Defendant was indicted for use of a chemical weapon. His continuing pattern of vandalism of homes of his former customers made the information in the affidavit for the search warrant not stale. A search warrant for his computer was also sustained. United States v. Fries, 2015 U.S. App. LEXIS 5072 (9th Cir. March 30, 2015):
We conclude that Fries’ “continuing pattern” of vandalizing the homes of former customers militates against a finding that the information supporting probable cause was impermissibly stale. Id. Agent Nowak’s affidavit delineated in great detail the similarities among the three incidents of vandalism in 2008, 2009, and 2011. Notably, the alleged modus operandi for each of the incidents was nearly identical. In particular, each incident involved the use of motor oil, animal carcasses, and other substances to vandalize the former customers’ residences, as well as attempts to divert blame to uninvolved individuals. Although Fries attempts to distinguish the 2011 incident as an act of vandalism rather than a federal crime involving the use of chemicals, a pattern of conduct is readily discerned from consideration of the related incidents. This continuing pattern of criminal conduct, as well as the evidence of Fries’ stockpiling of items for future acts of retribution, supports an inference that Fries continued to possess items related to ongoing criminal conduct. See United States v. Crews, 502 F.3d 1130, 1140 (9th Cir. 2007) (“One may infer that equipment acquired to accomplish a crime will be kept for some period of time. …”) (citation omitted). The search warrant was issued approximately two weeks after the April 28, 2011, incident, thus further undermining Fries’ staleness argument. See United States v. Lacy, 119 F.3d 742, 745 (9th Cir. 1997) (underscoring the relationship between the timing of the relevant conduct and issuance of the warrant).

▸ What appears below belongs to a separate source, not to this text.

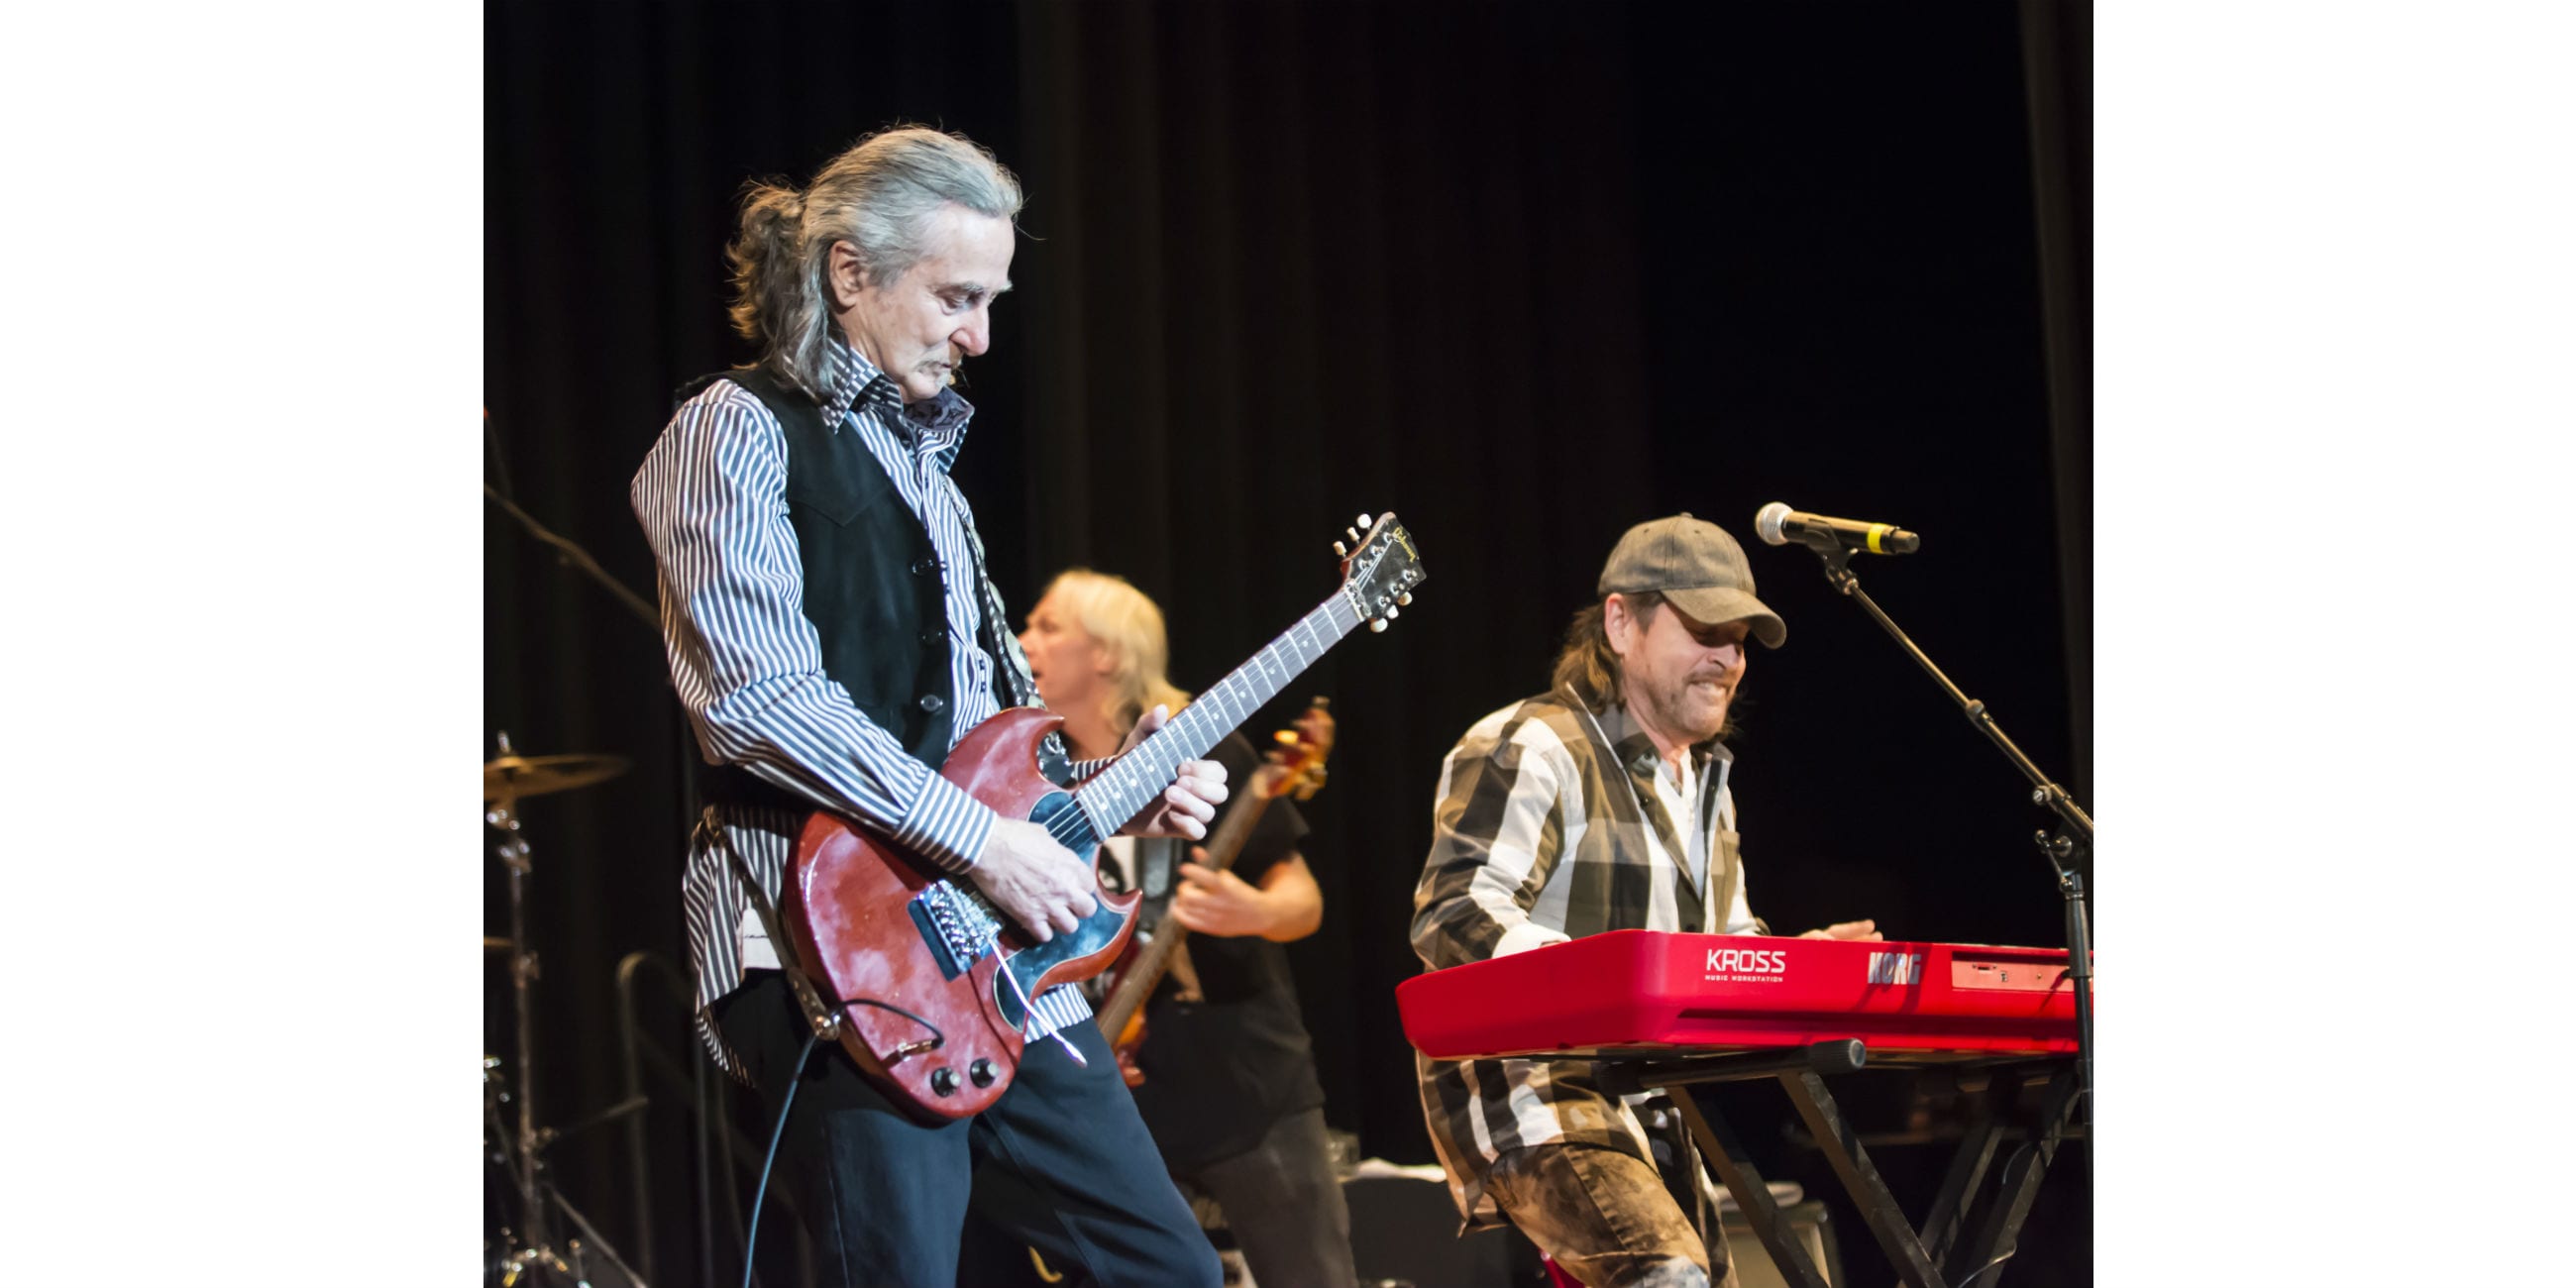 Brian Maes on the keyboard with guitarist Barry Goudreau in concert at Lynn City Hall auditorium.

Fries’ argument that the search warrant was impermissibly overbroad in permitting a search of Fries’ computers and business records is similarly unpersuasive. “The Fourth Amendment requires that a warrant particularly describe both the place to be searched and the person or things to be seized.” United States v. Smith, 424 F.3d 992, 1004 (9th Cir. 2005) (citation and emphasis omitted). “The description must be specific enough to enable the person conducting the search reasonably to identify the things authorized to be seized. The purpose of the breadth requirement is to limit the scope of the warrant by the probable cause on which the warrant is based. …” Id. (citations, alteration, and internal quotation marks omitted).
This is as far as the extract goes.